The Biden administration says it does because the Idaho ban includes only a narrow exception to save the life of a pregnant woman. The administration argues that EMTALA requires more than that, meaning that doctors should be able to perform abortions in a broader array of emergencies in which a woman’s health is in danger even if she is not at imminent risk of death.
Idaho officials downplay the tension between the two laws, saying the federal law does not override a state’s own laws regulating health care.
The Supreme Court in January allowed Idaho to enforce its law, prompting the state’s St. Luke’s Health System to report that it has been required to airlift patients out of state in order for abortions to take place, out of concern that its doctors could be prosecuted.
A broad ruling in favor of Idaho would at minimum affect a handful of states that have similar abortion bans to Idaho’s that lack a health exception. Abortion is effectively banned in 14 states, but the laws differ in addressing the rare occasions when an abortion might be allowed to protect the health of the pregnant woman.
While abortion rights advocates are now hopeful they will win the mifepristone case on the standing issue, they fear a loss in the Idaho dispute and insist that such an outcome should not be viewed as the Supreme Court delivering some kind of compromise.

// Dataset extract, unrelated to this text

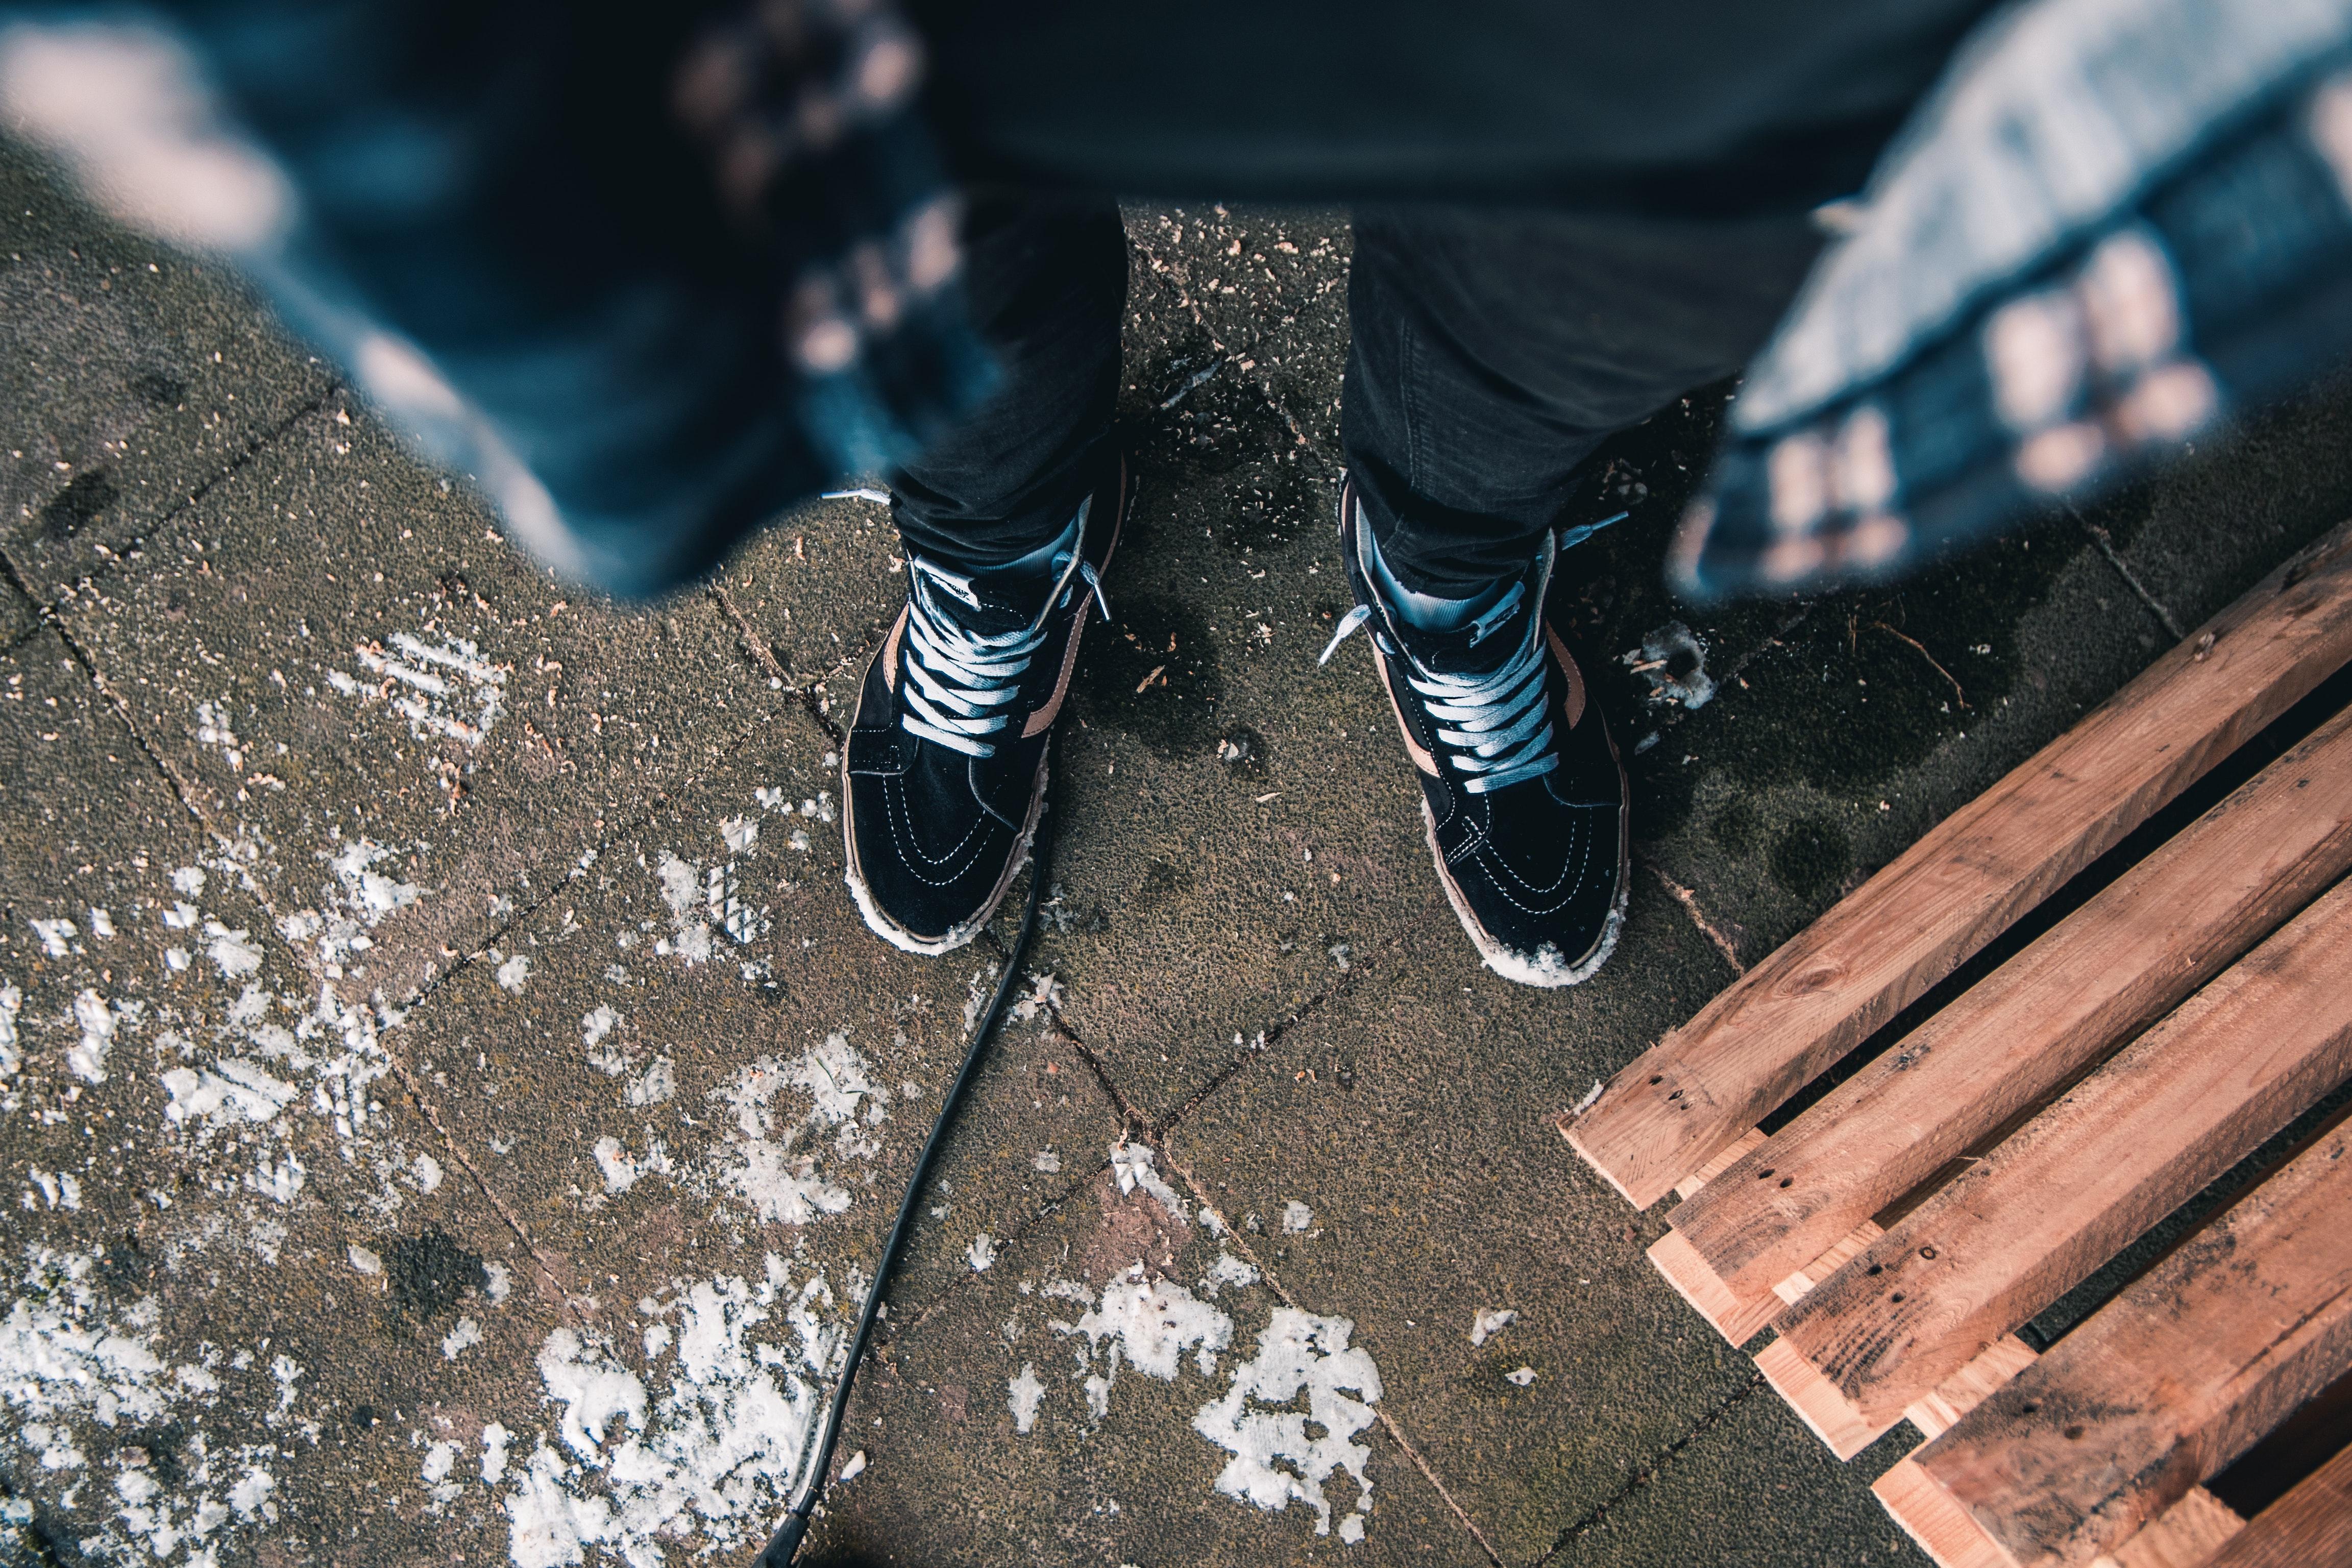 7004f6d64d fashion footwear legs man shoes sneakers vans public domain images

A ruling in favor of Idaho officials “would be a new low for the Supreme Court, regardless of whether they get a technical legal question correct in a different case that also happens to do with abortion,” said Alexa Kolbi-Molinas, a lawyer at the American Civil Liberties Union, which backs abortion rights advocates in both cases.
She pointed out that if the anti-abortion side loses in the mifepristone case on the standing question, the issue could yet return to the court with different plaintiffs who might have a better argument for standing, which might lead to a subsequent ruling on the merits of their claims.
“Even if we live to fight another day … we know that our opponents in this case are not done,” Kolbi-Molinas added.
ADF’s Campbell said he would assess each case separately if the court were to rule in favor of his side in the EMTALA case and against it on the FDA’s mifepristone regulations.
“I would consider the EMTALA decision a significant win and I would consider the FDA decision unfortunate,” he added.